12. See instead of all other possible references the Court's

Klass and Others v. Germany judgment of 6 September 1978, Series A

no. 28, pp. 25-26, para. 55.

_______________

I recall, secondly, that the Court has recently, in

paragraph 93 of its judgment of 23 March 1995 (preliminary objections)

in the case of Loizidou v. Turkey (Series A no. 310, p. 31) stressed

"the special character of the Convention as an instrument of

European public order (ordre public)" (13).

_______________

13. See also paragraph 75 of that judgment, where the Court even

described the Convention as "a constitutional instrument of

European public order (ordre public)".

_______________

It follows that under the Convention the same rule applies as

has been accepted by the Court of Justice of the European Communities

with respect to Community law (14): in those cases where

domestic courts, under their national law, are in a position to apply

the Convention ex officio, those courts must do so under the

Convention.
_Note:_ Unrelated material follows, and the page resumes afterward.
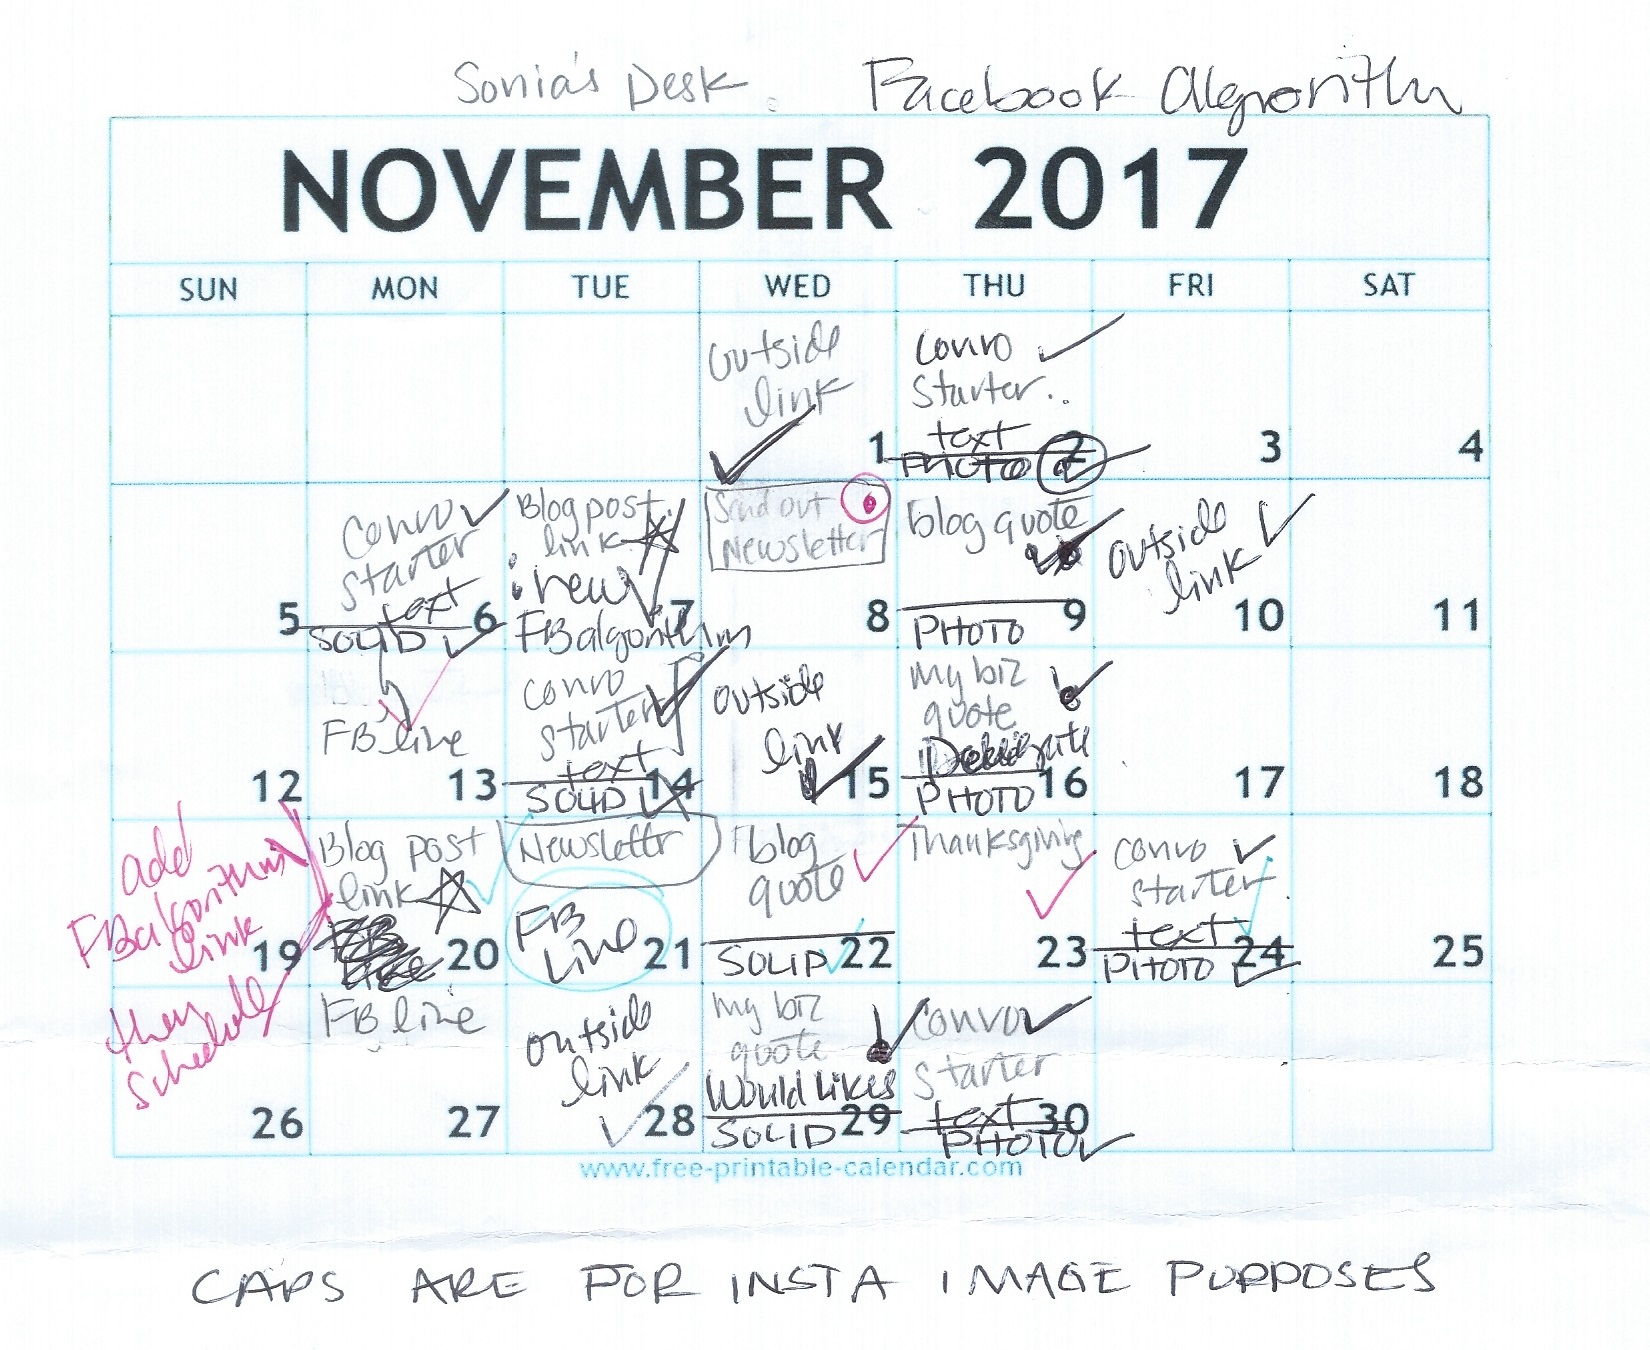 monthly editorial calendar planning example

That is an obvious demand of the effectiveness both of the

Convention as a constitutional instrument of European public order

(ordre public) and of the "national human right systems".

_______________

14. See its judgment of 14 December 1995 in the joint cases C-430/93

and C-431/93, ECR 1995-I, pp. 4705 et seq.

_______________

12. I do not suggest that where national courts have neglected

their duties in this respect, a complaint under Article 25 (art. 25)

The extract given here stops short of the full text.